┌─ EXERCISE DATA

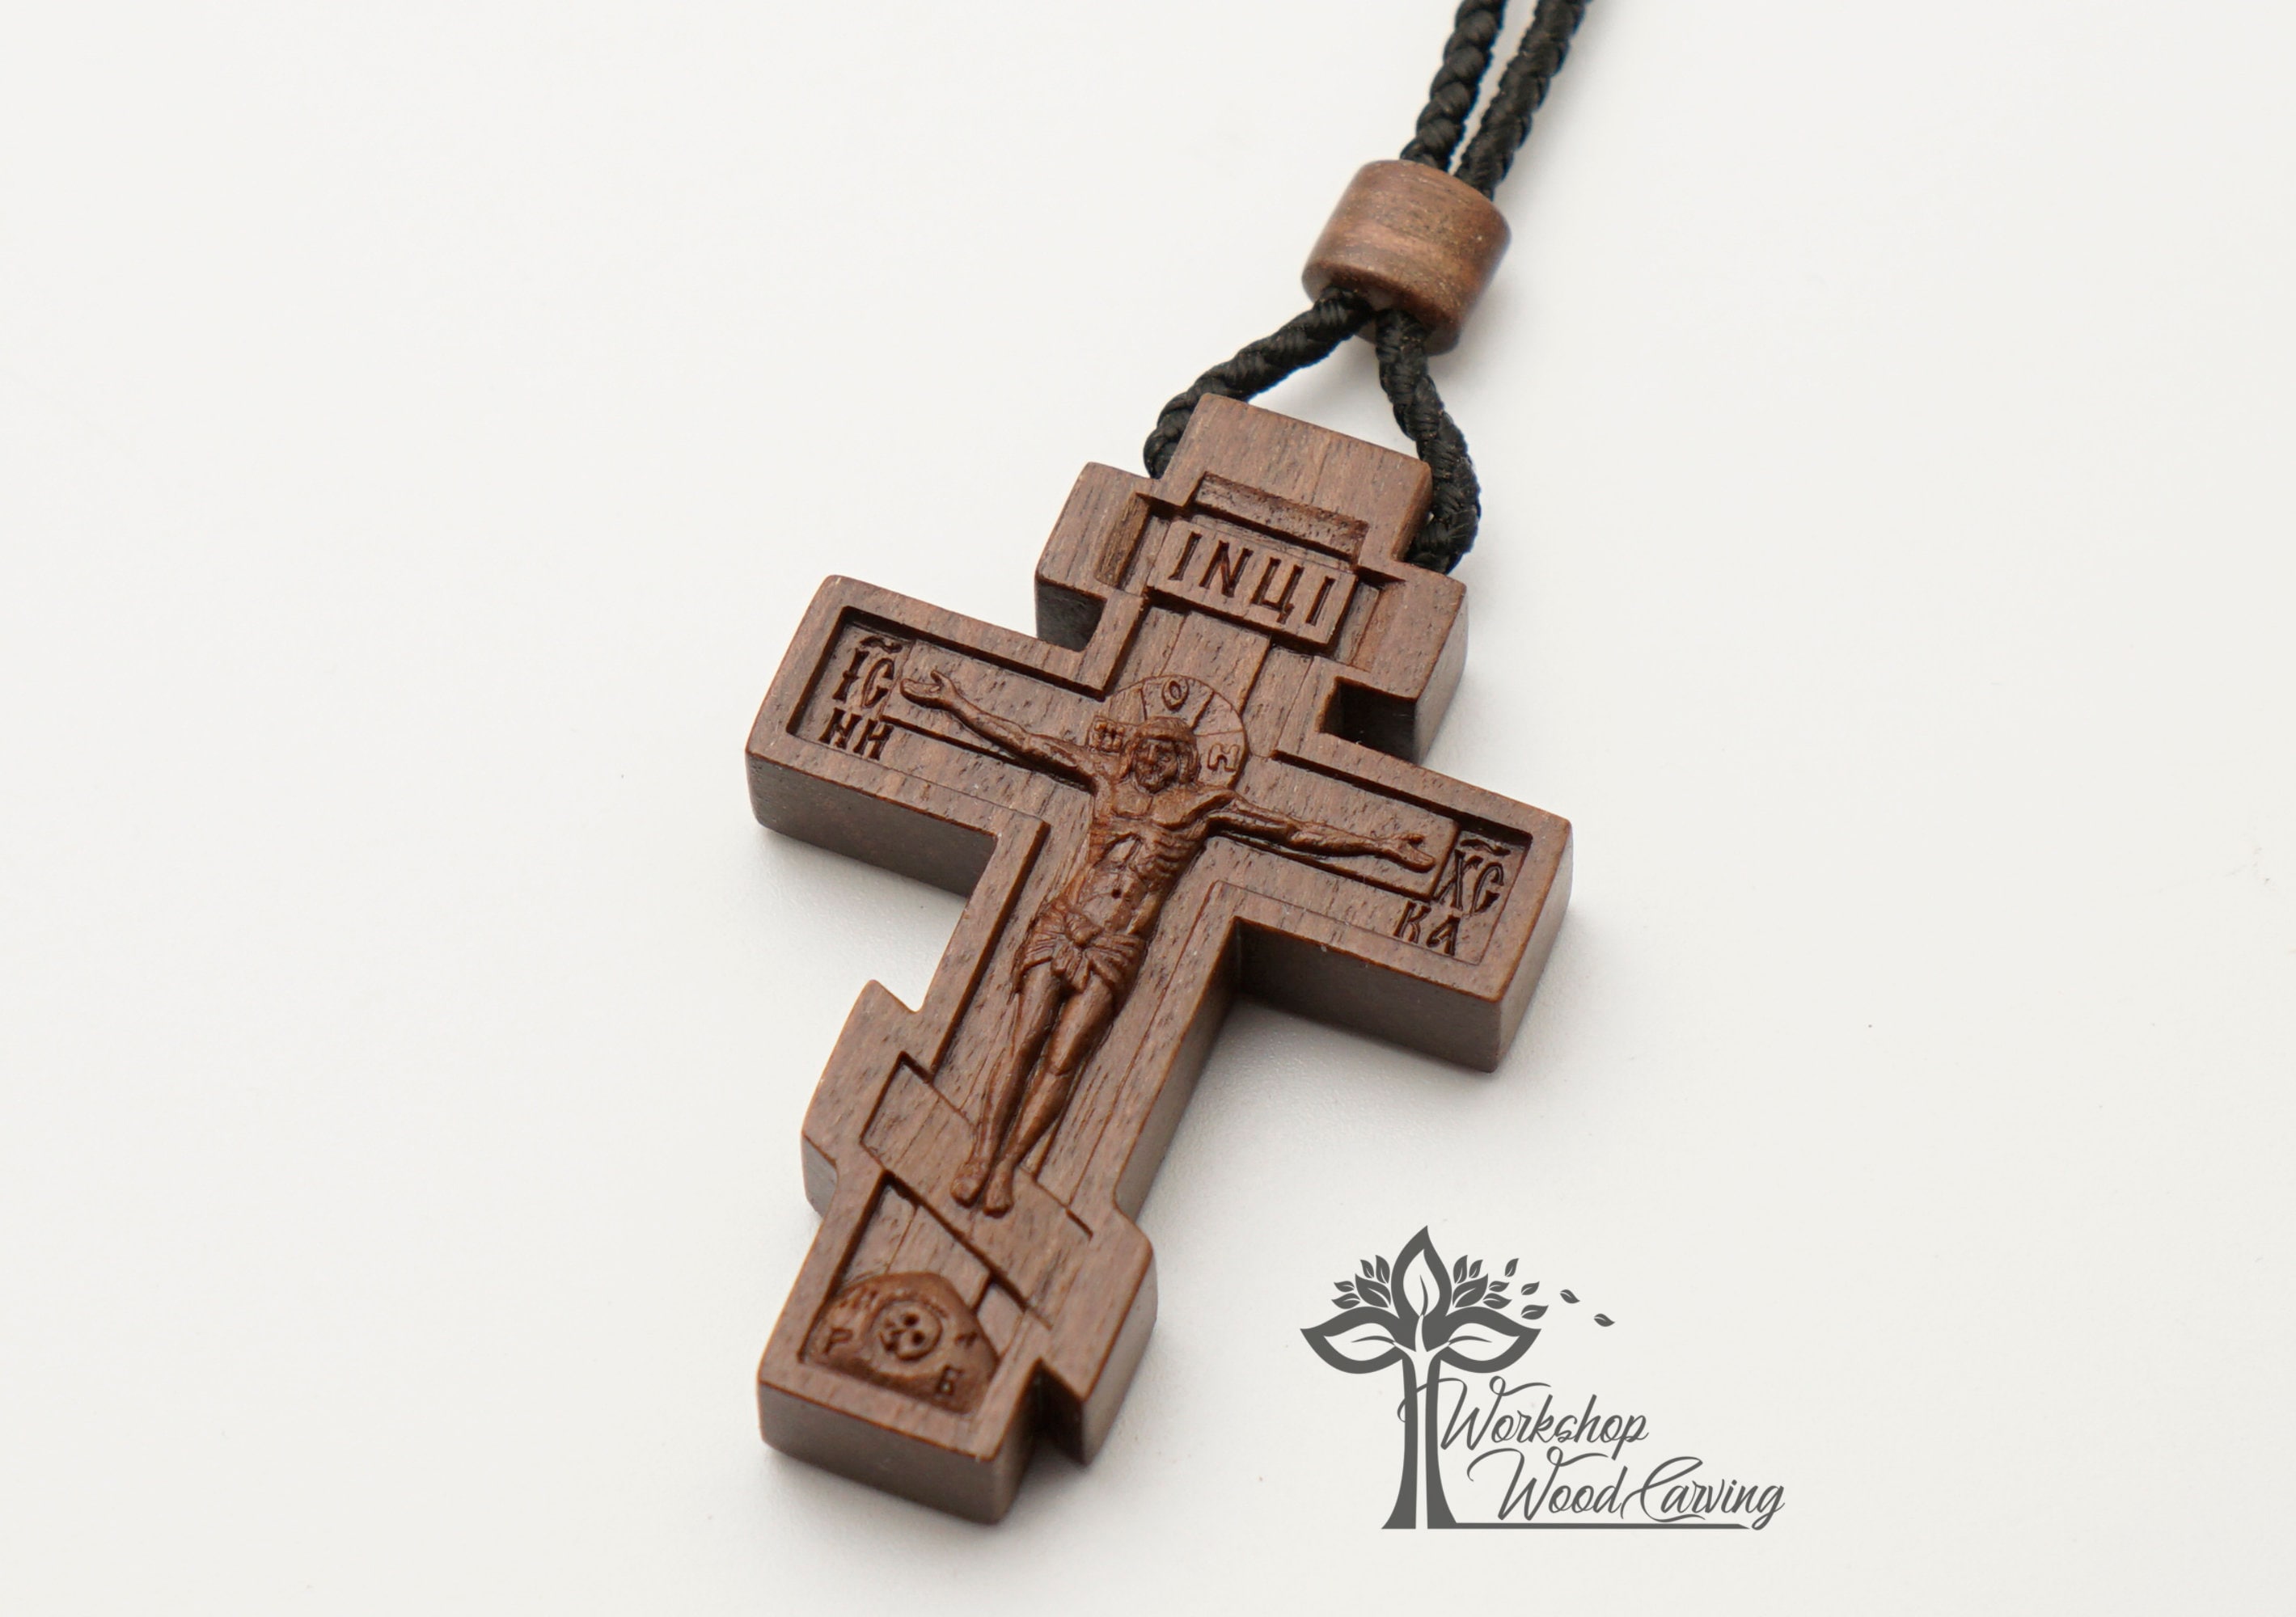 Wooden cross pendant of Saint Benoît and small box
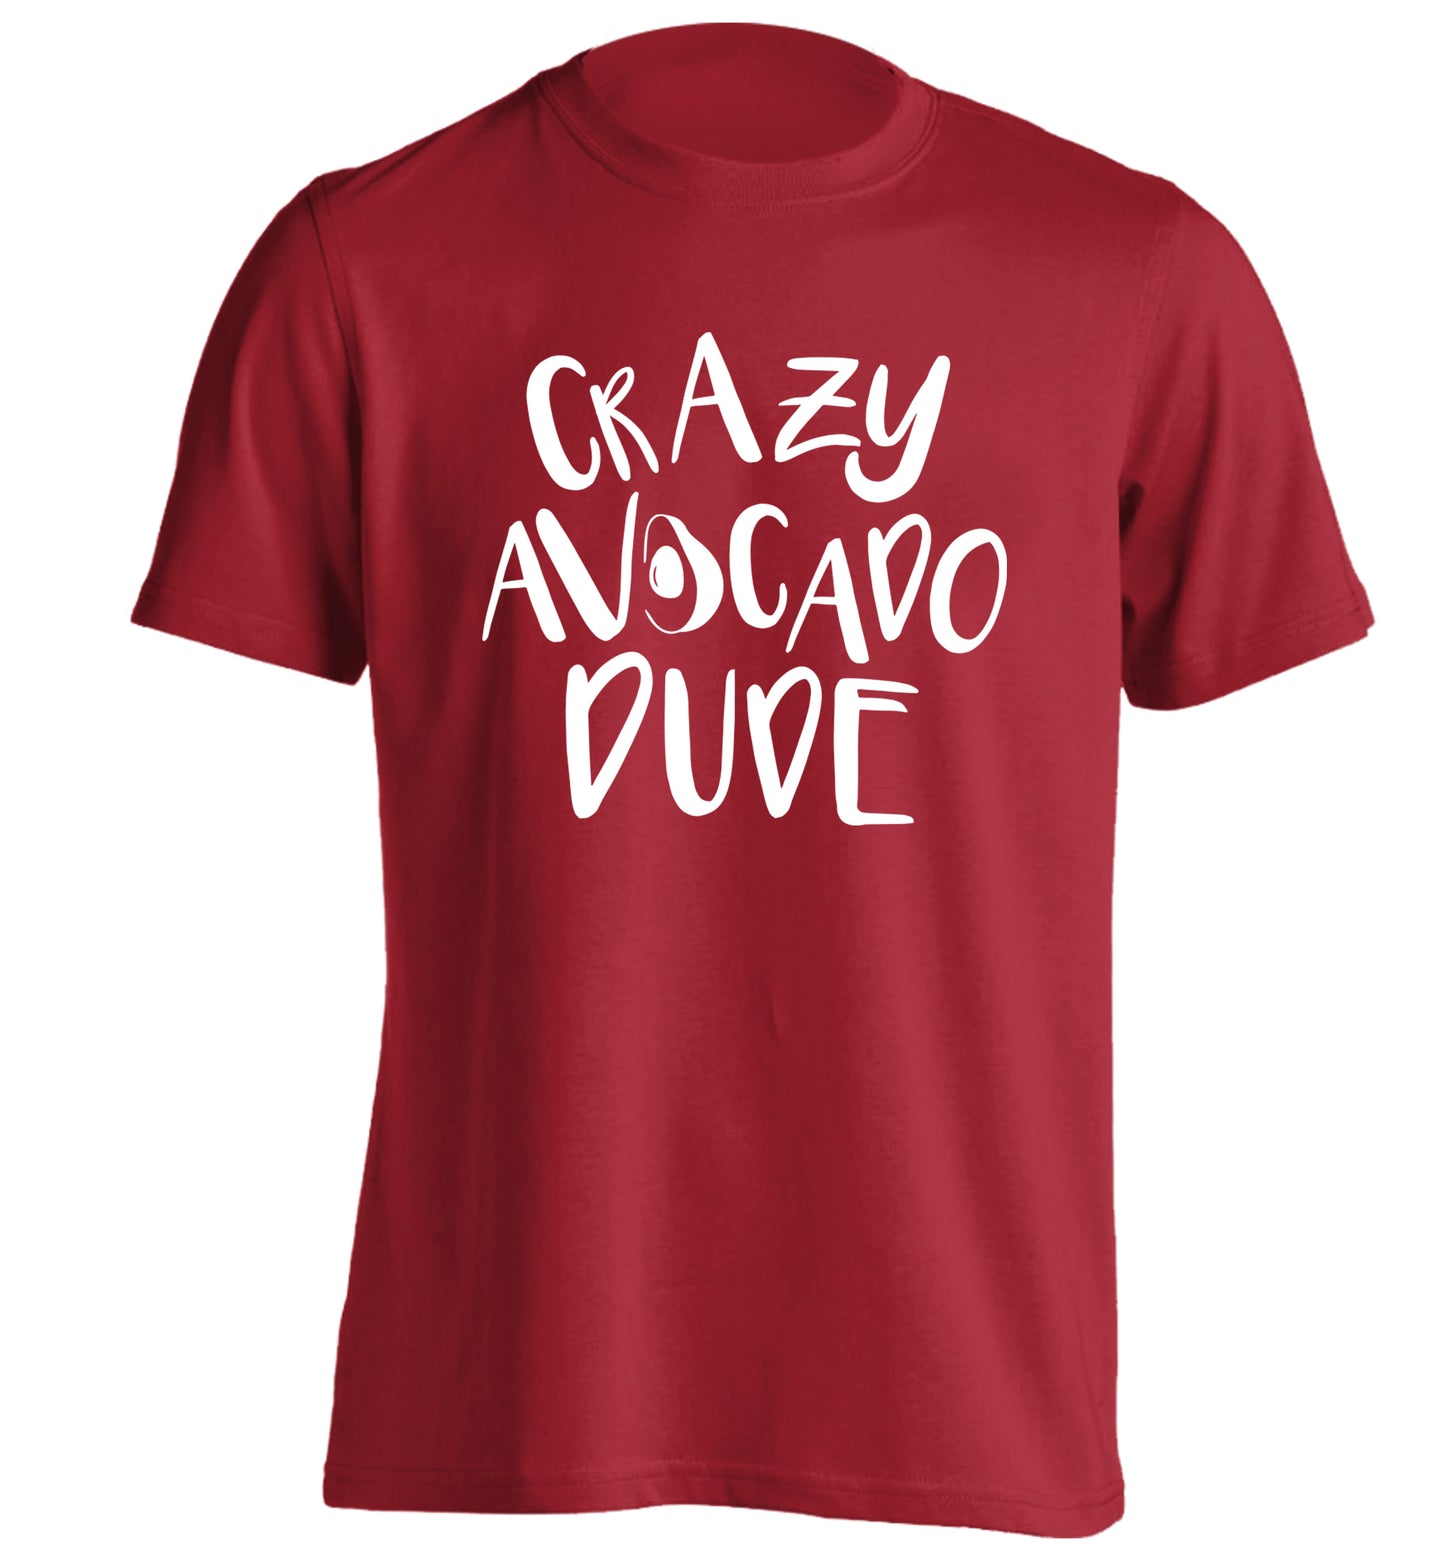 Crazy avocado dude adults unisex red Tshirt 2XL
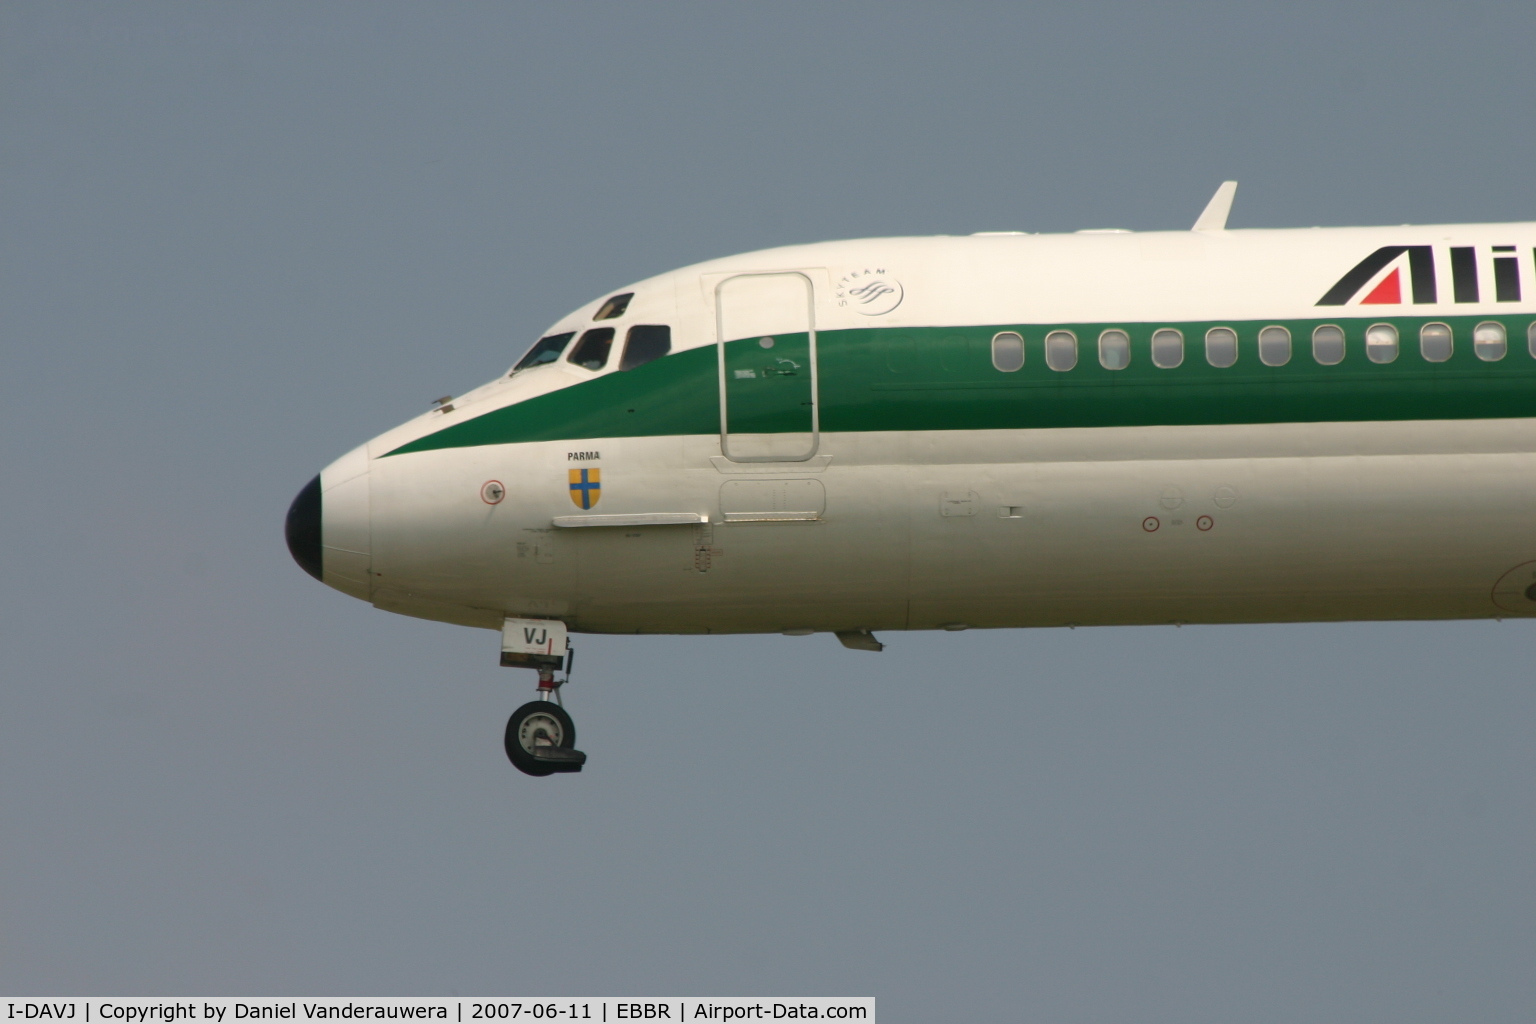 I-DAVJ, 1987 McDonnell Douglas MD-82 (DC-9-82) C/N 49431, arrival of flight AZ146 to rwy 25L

└─

WHAT TO DO:
If pictures appear in the data, omit them and copy all other parts exactly.

ANSWER BOX:
 Wooden cross pendant of Saint Benoît and small box
 Crazy avocado dude adults unisex red Tshirt 2XL
 I-DAVJ, 1987 McDonnell Douglas MD-82 (DC-9-82) C/N 49431, arrival of flight AZ146 to rwy 25L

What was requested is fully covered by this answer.